* **Information shown**
*****
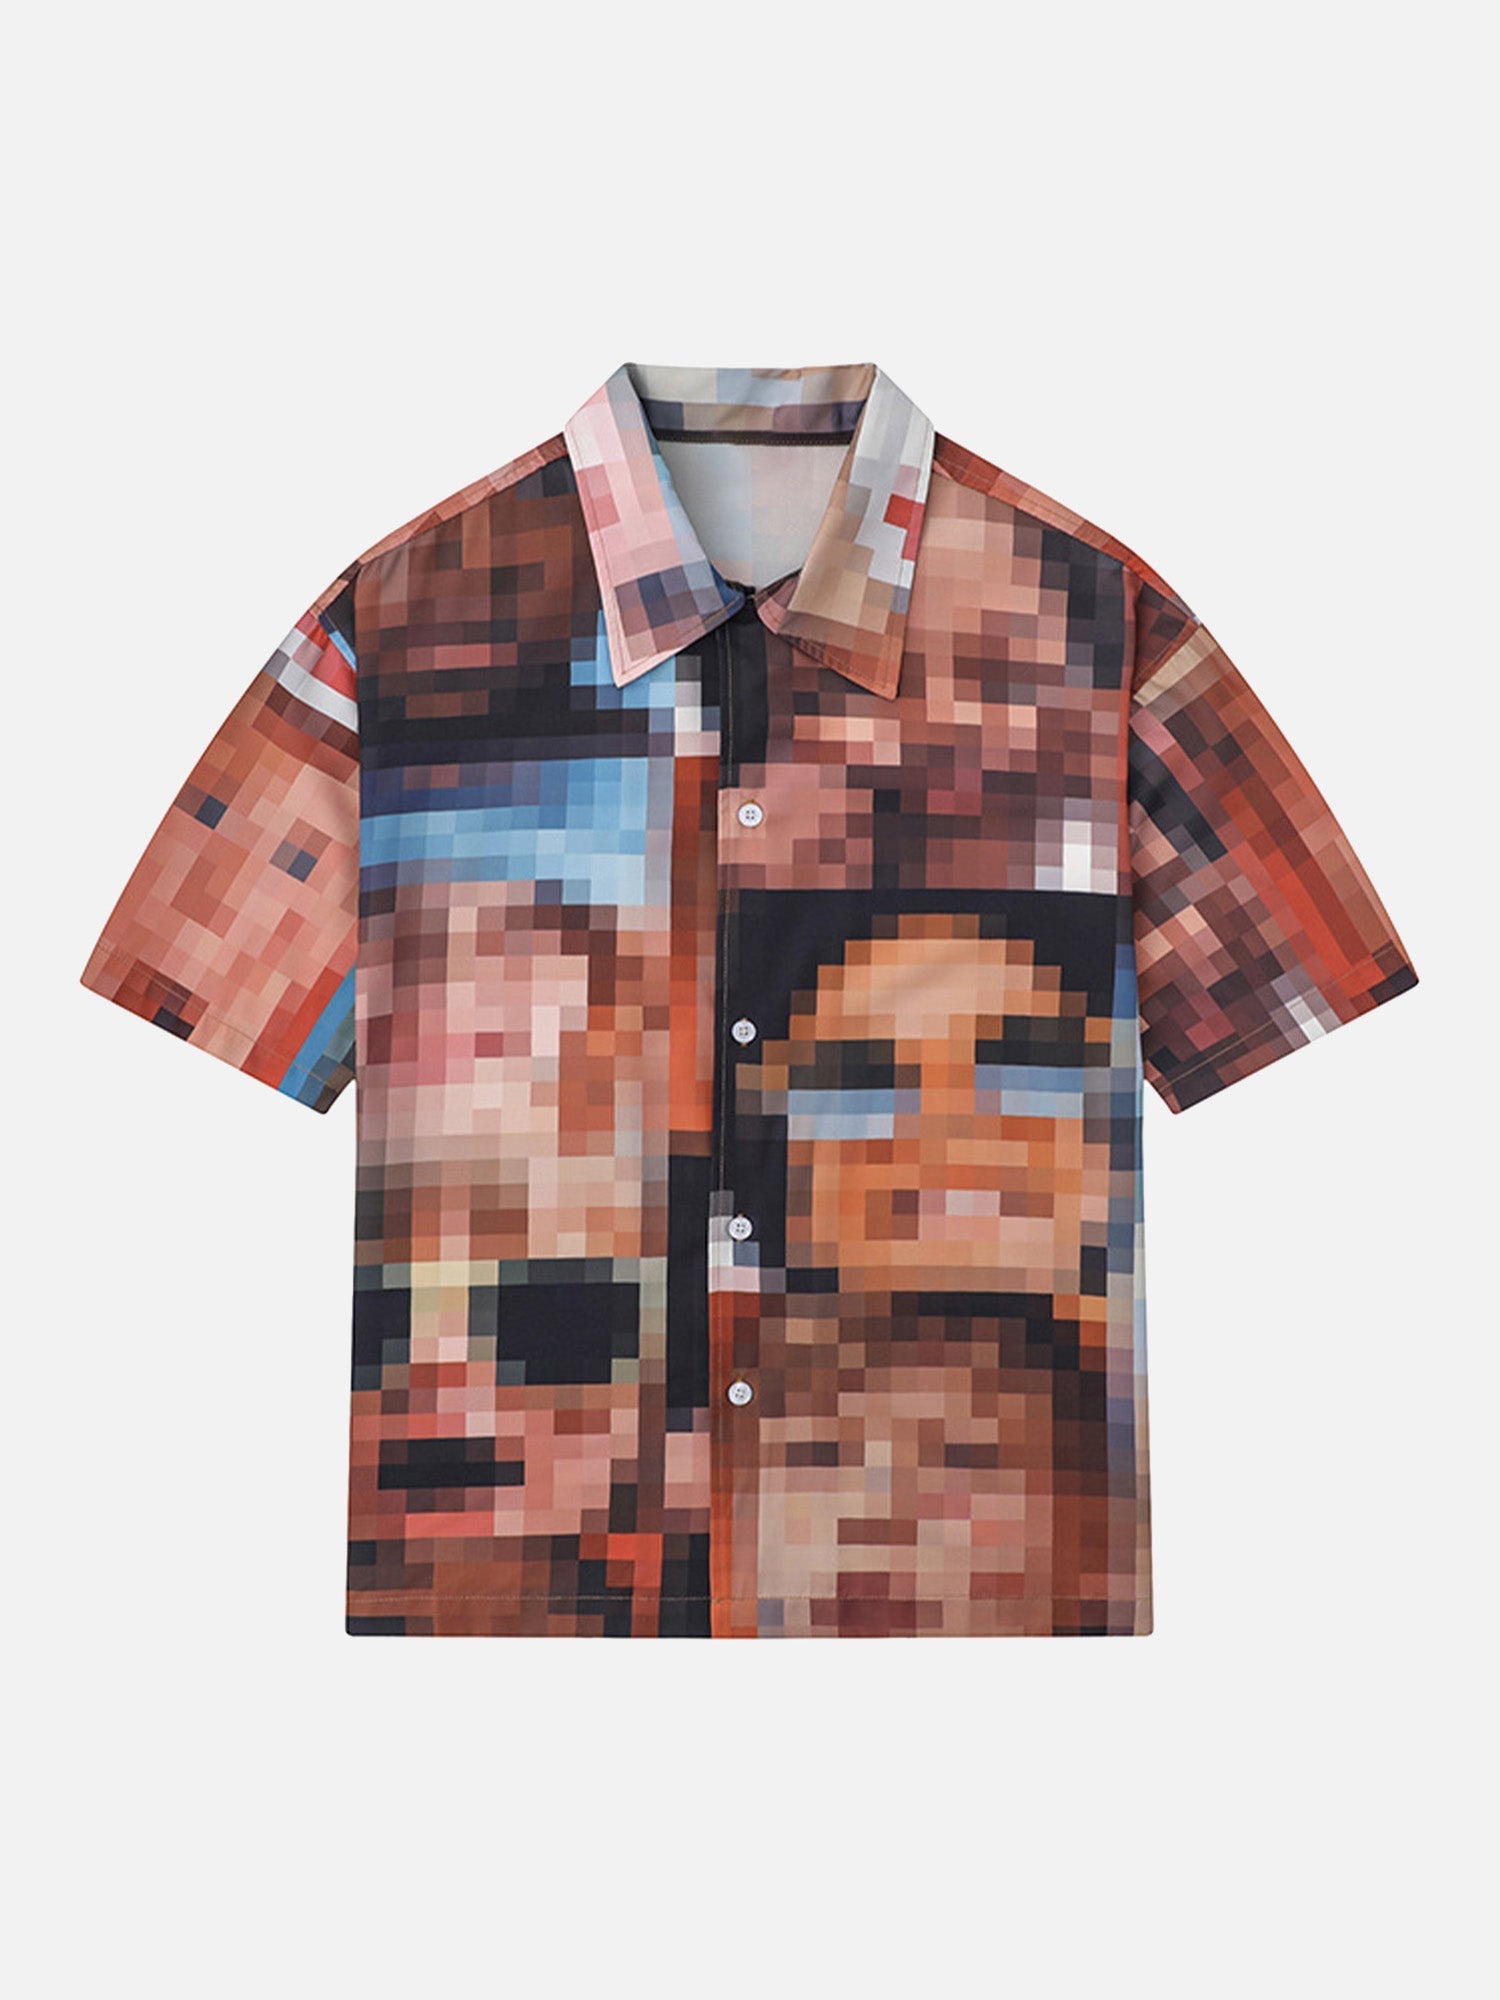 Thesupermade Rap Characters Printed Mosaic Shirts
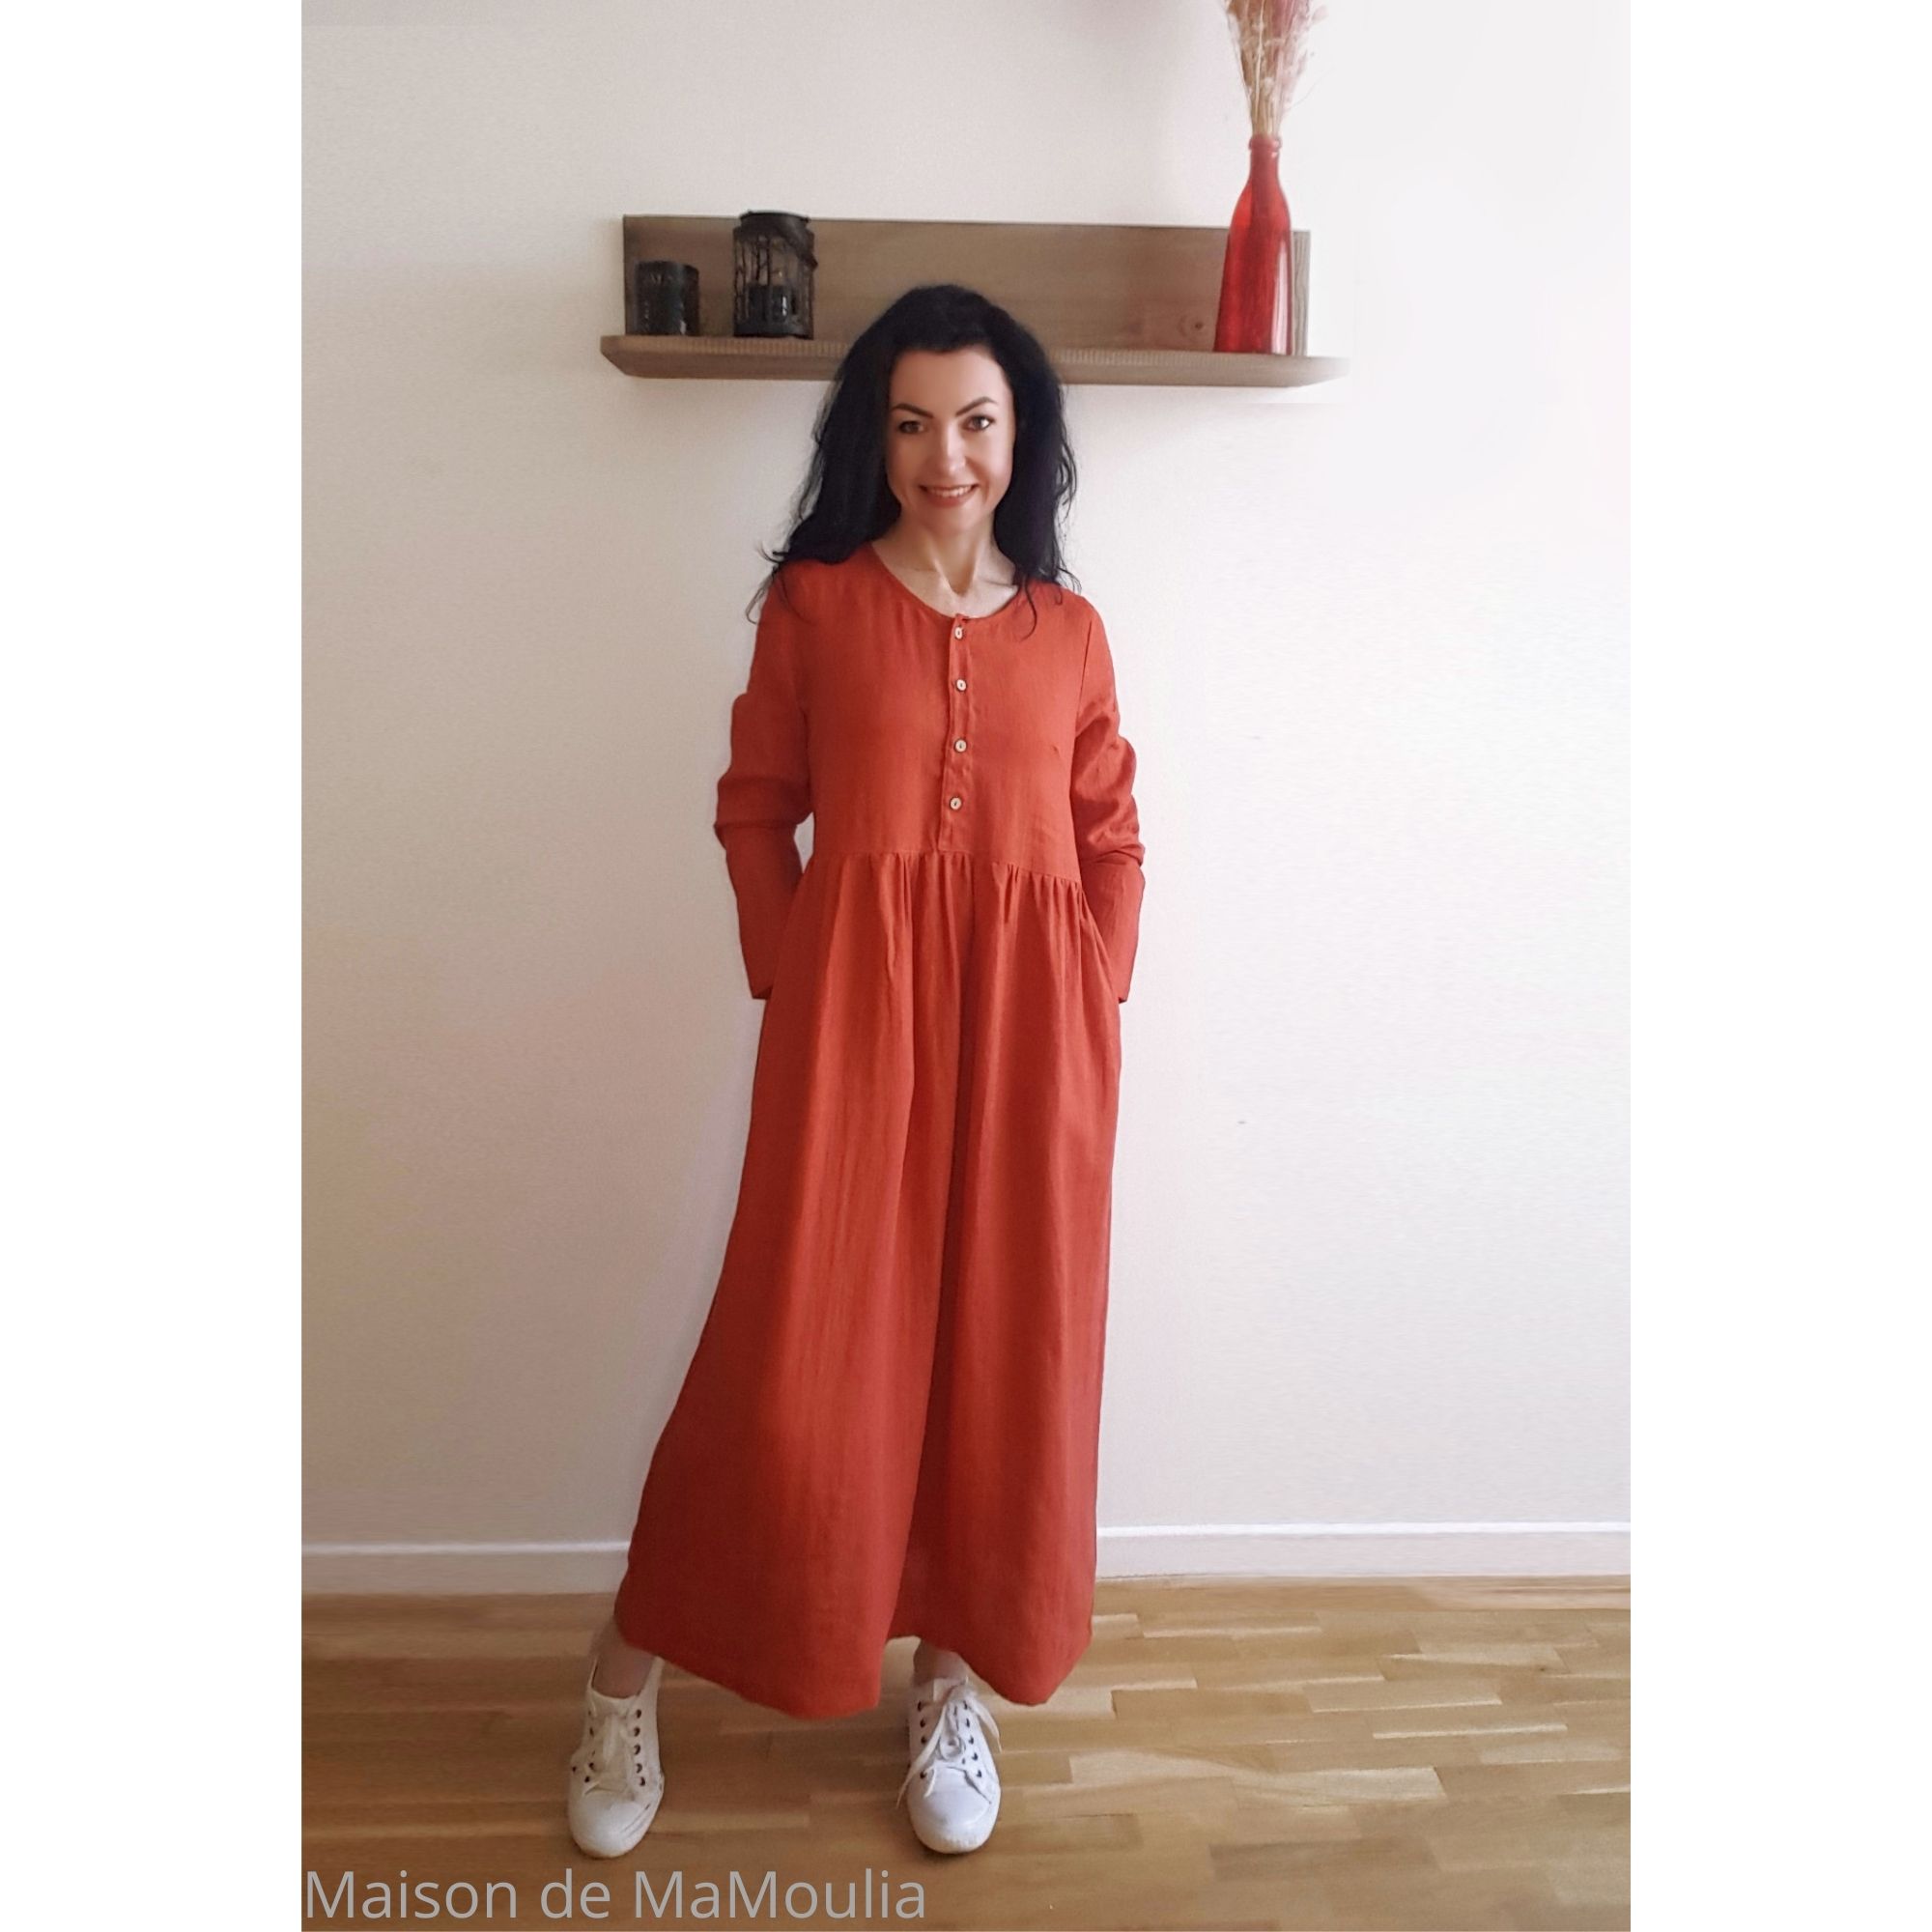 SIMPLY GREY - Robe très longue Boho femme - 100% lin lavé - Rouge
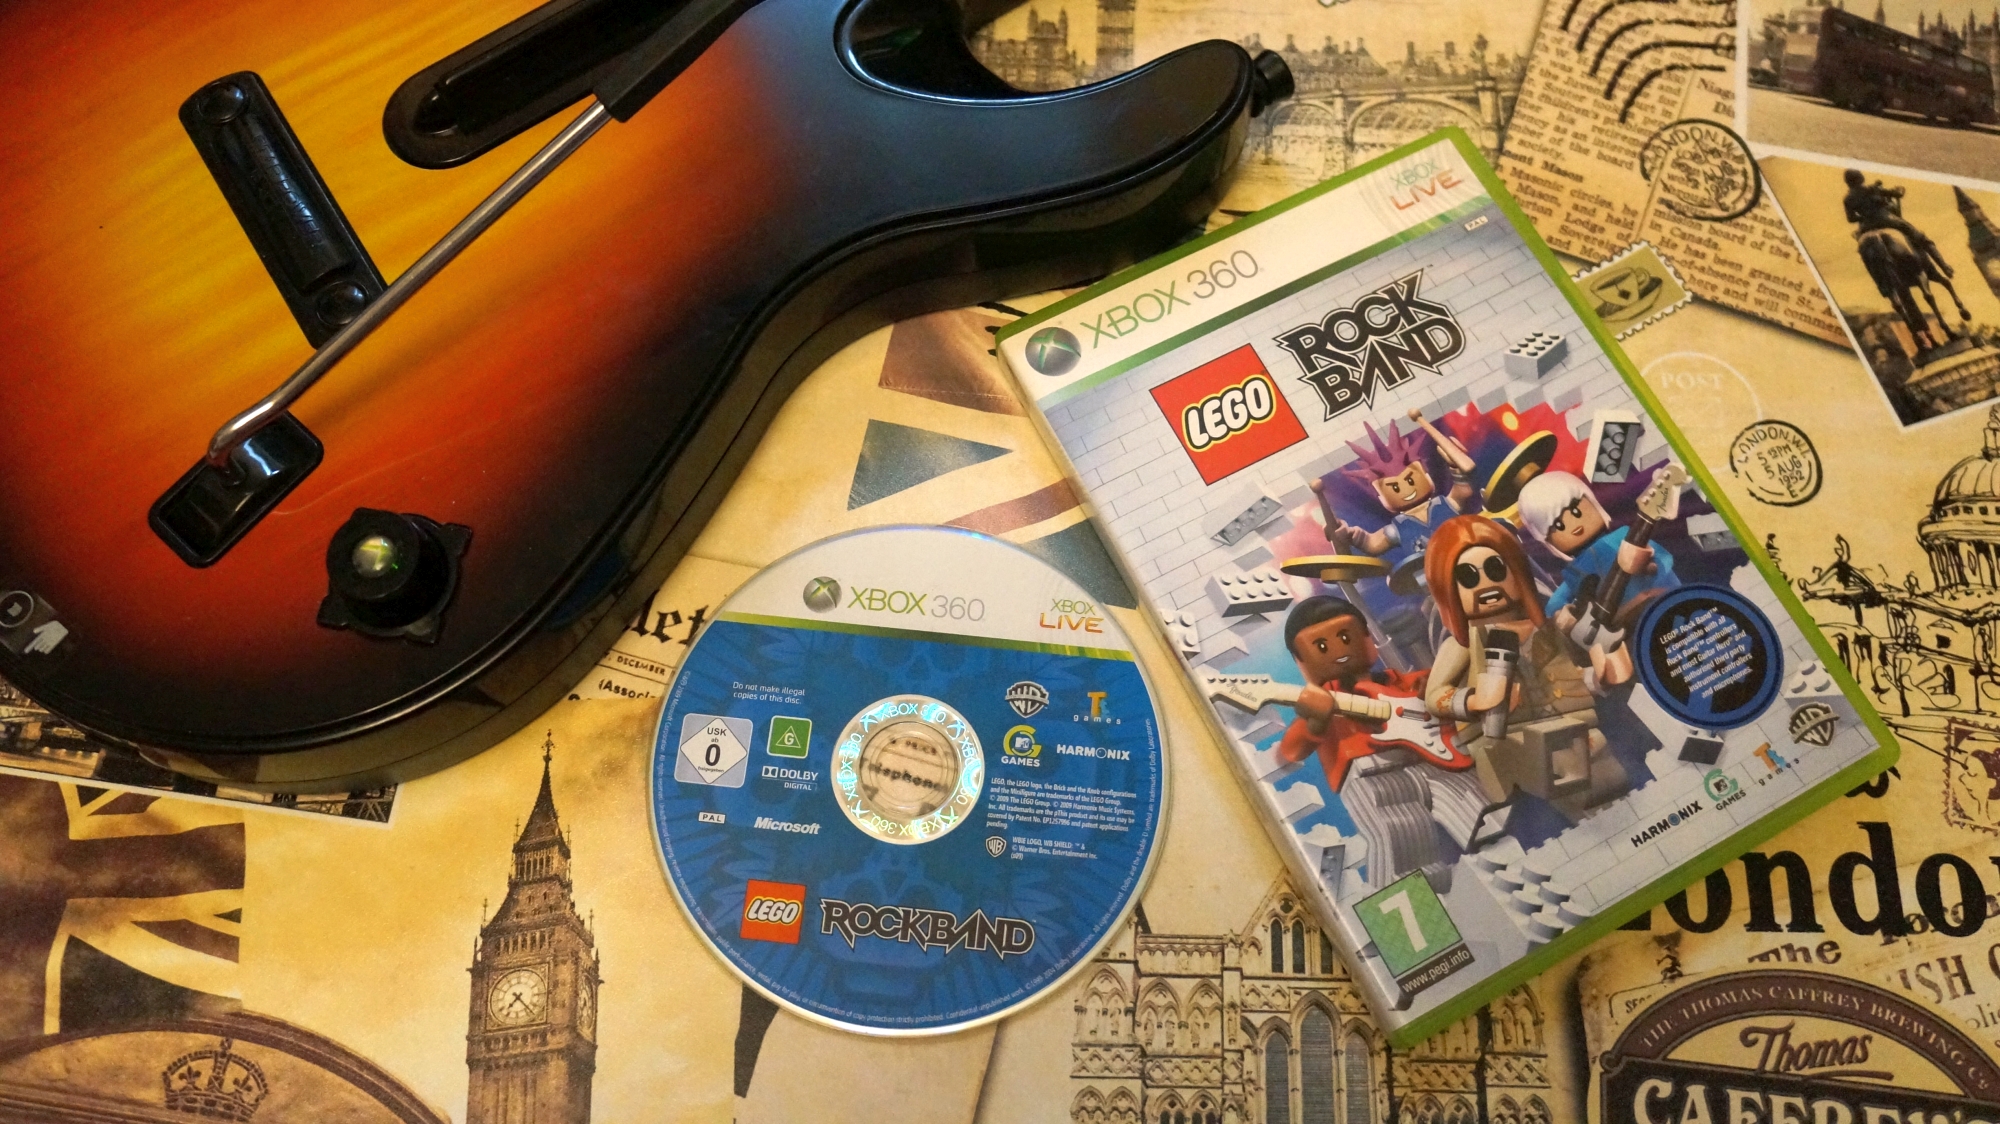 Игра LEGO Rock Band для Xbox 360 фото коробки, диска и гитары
*****
* **Work order**
Without changing a word, retype the data above and omit its pictures.

* **Solution**
 Thesupermade Rap Characters Printed Mosaic Shirts
 SIMPLY GREY - Robe très longue Boho femme - 100% lin lavé - Rouge
 Игра LEGO Rock Band для Xbox 360 фото коробки, диска и гитары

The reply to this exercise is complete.